В основании этой новой расстановки приоритетов лежит изменение
человеческого самосознания, взгляда на природу и предназначение человека,
зафиксированное в свое время философией как различие между античным и
возрожденческим, а следовательно и ново-европейским гуманизмом. «Решающее
различие между двумя типами гуманизма, — пишет П. Тиллик, — заключено в ответе
на вопрос: хорошо или плохо бытие само по себе? ...возрождение дало начало
движению, обращенному к будущему, к творческому и новому в нем. Надежда победила
чувство трагедии, а вера в прогресс — смирение перед вечно повторяющимся
движением по кругу» [17, с. 19]. Одновременно в противовес традиционному
обществу Возрождение и Новое время увидели в человеке неповторимую, самоценную
своими творческими способностями и порывами свободы индивидуальность,
самореализация которой и лежит в основании самоутверждения. Это
самоутверждение, включающее в себя не только духовное, но и материальное,
историческое, индивидуальное существование, отвергает, по П. Тиллику, идею спасения
и отречения от мирских благ.

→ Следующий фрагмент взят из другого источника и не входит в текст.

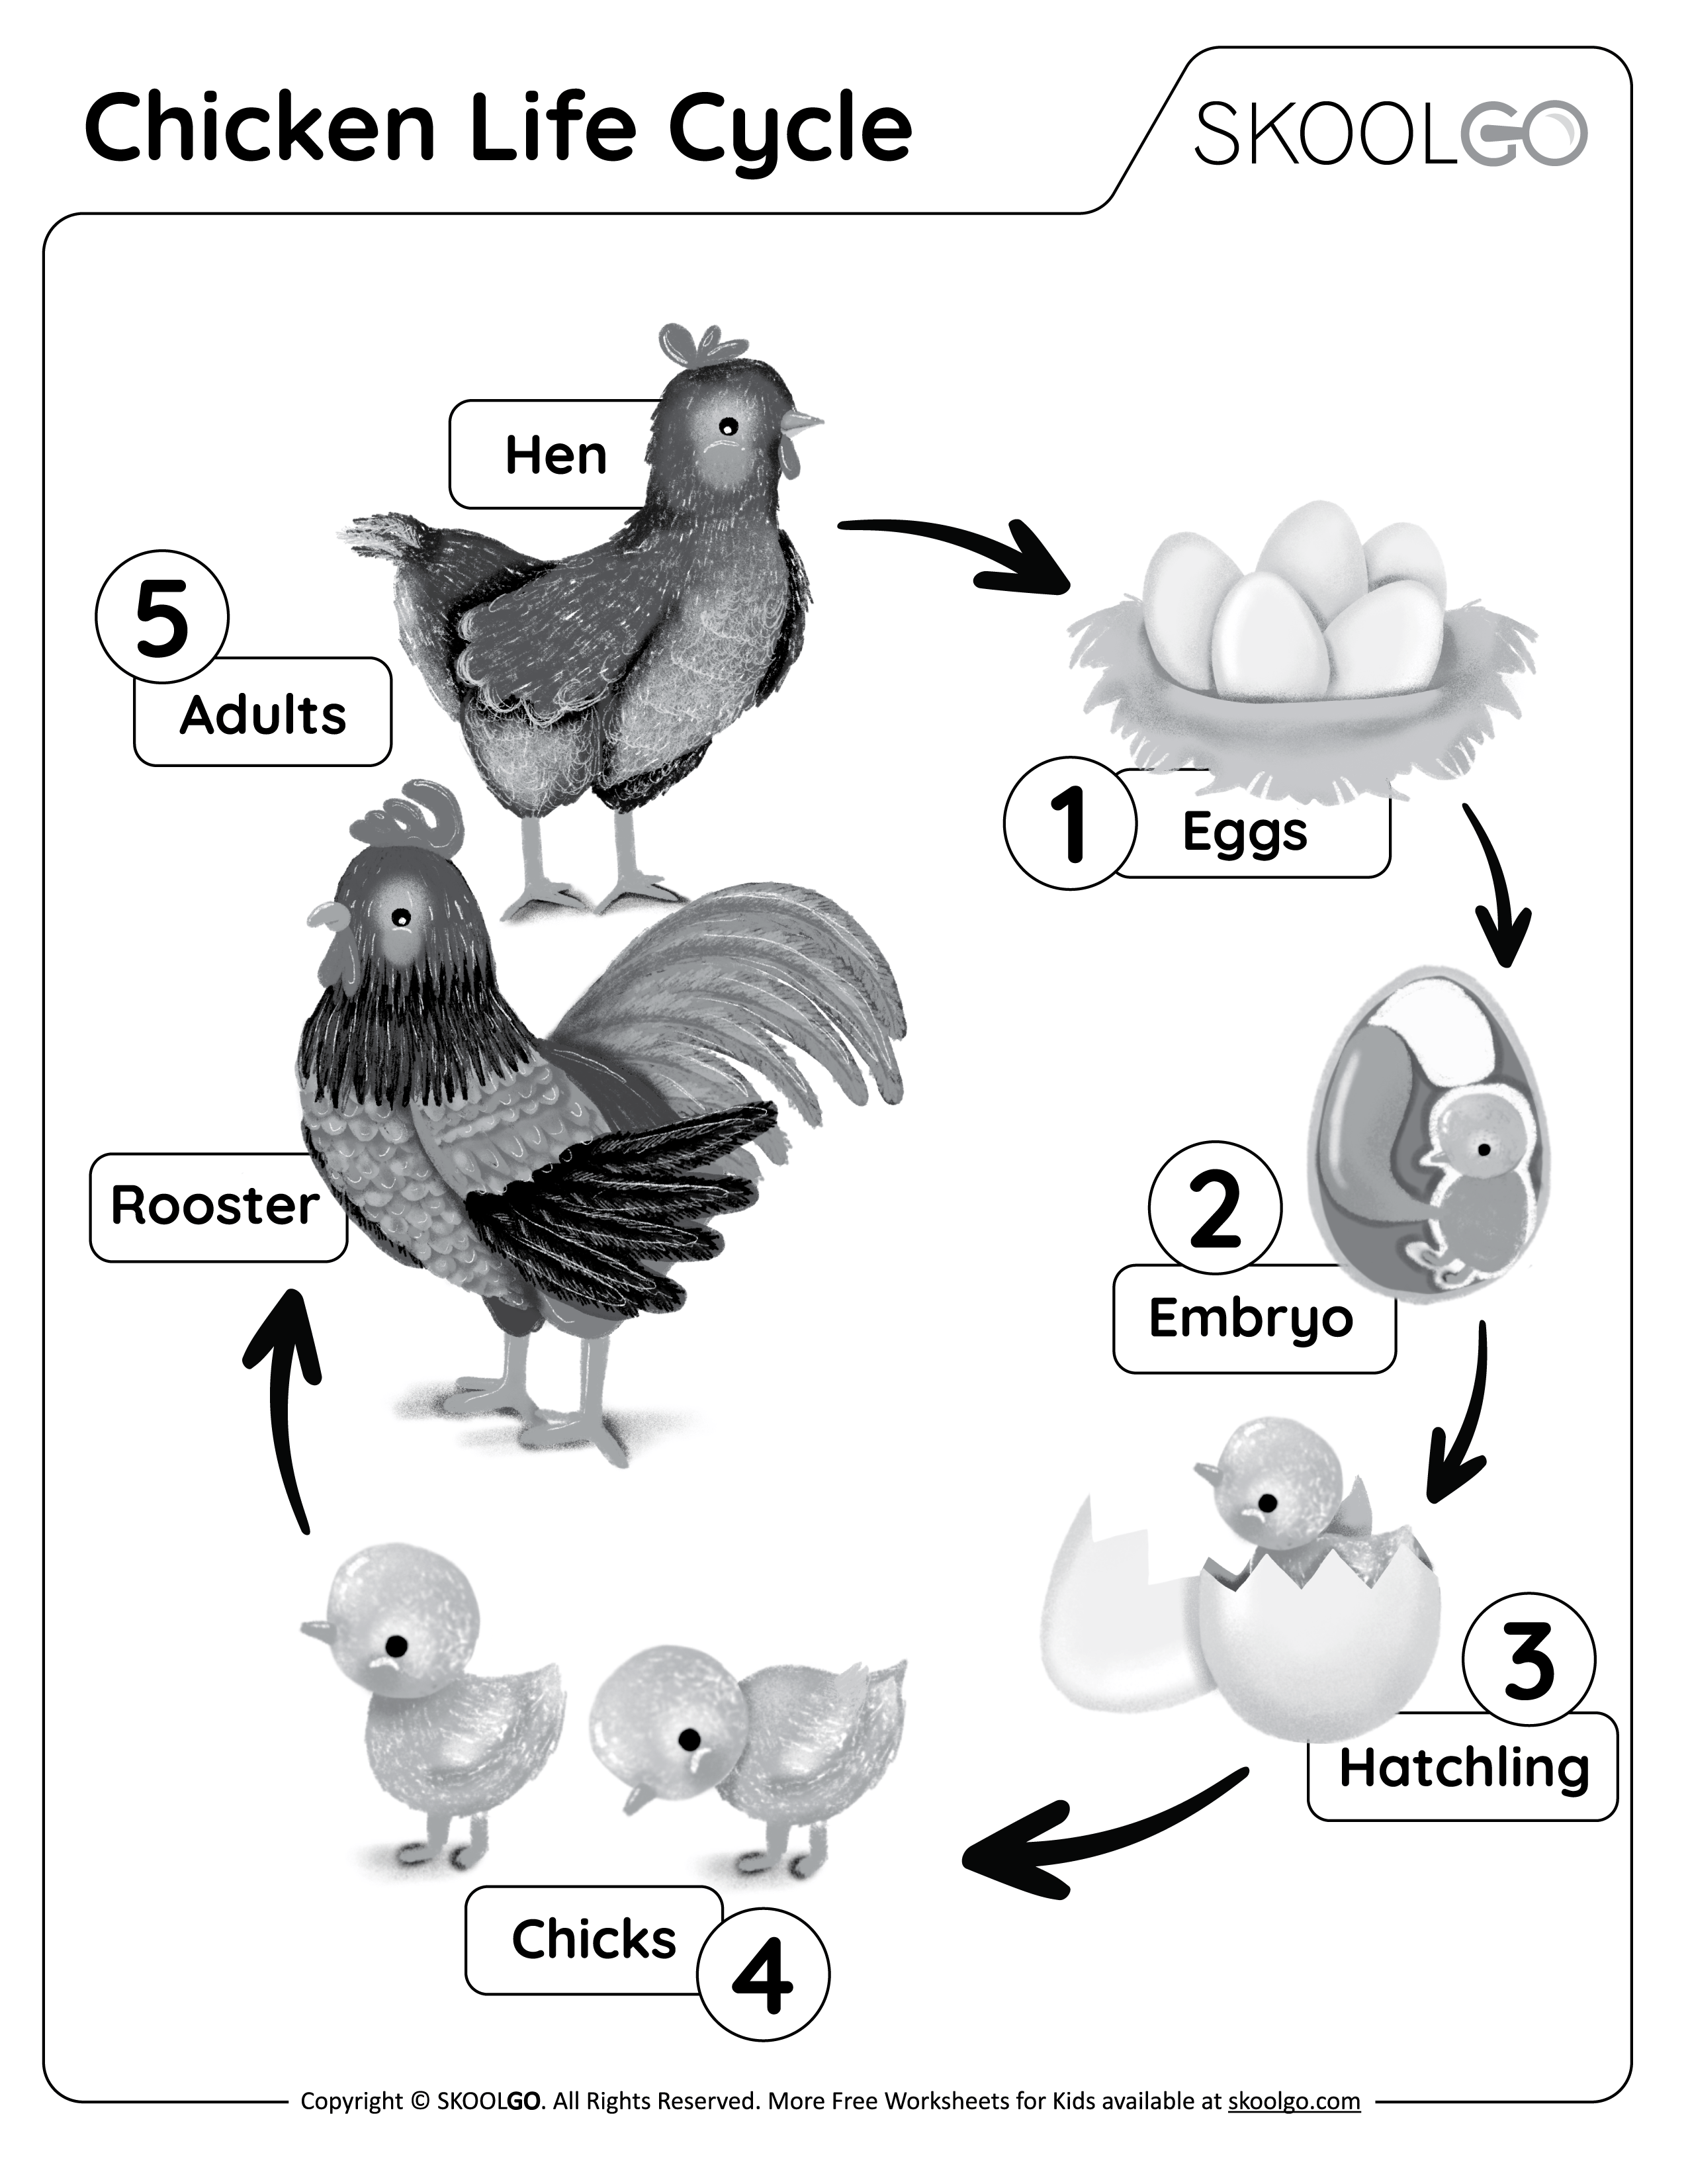 Chicken Life Cycle - Free Black and White Worksheet for Kids

Для нас принципиально важно то, что различие двух
пониманий гуманизма связывается П. Тилликом с появлением новой, просвещенческой
по сути дела, трактовки мужества, приходящей на смену архаически-традиционному
пониманию мужества как самопожертвования. Представляя ее на примере философии
Спинозы, П. Тиллих приводит его определение мужества. «Под мужеством, — пишет
Спиноза, — я понимаю желание (cupiditas), с которым
каждый человек стремится сохранить собственное бытие, руководствуясь
исключительно указаниями разума» [17, с. 20]. Не будем подчеркивать излишнее
упование рационалиста XVII в. на самосохранительную
силу указаний разума. Гораздо важнее то, что добродетель и сила самоутверждения
для Спинозы совпадали и предполагали благожелательное служение другим [17, с.
21]. Это превращало мужество самоутверждения на войне в силу, спасающую
Отечество, завоевания цивилизации и культуры, а потому в силу жизни, преодолевающую
смерть. Как пишет П. Тиллик, «Мужество есть самоутверждение «несмотря на», т.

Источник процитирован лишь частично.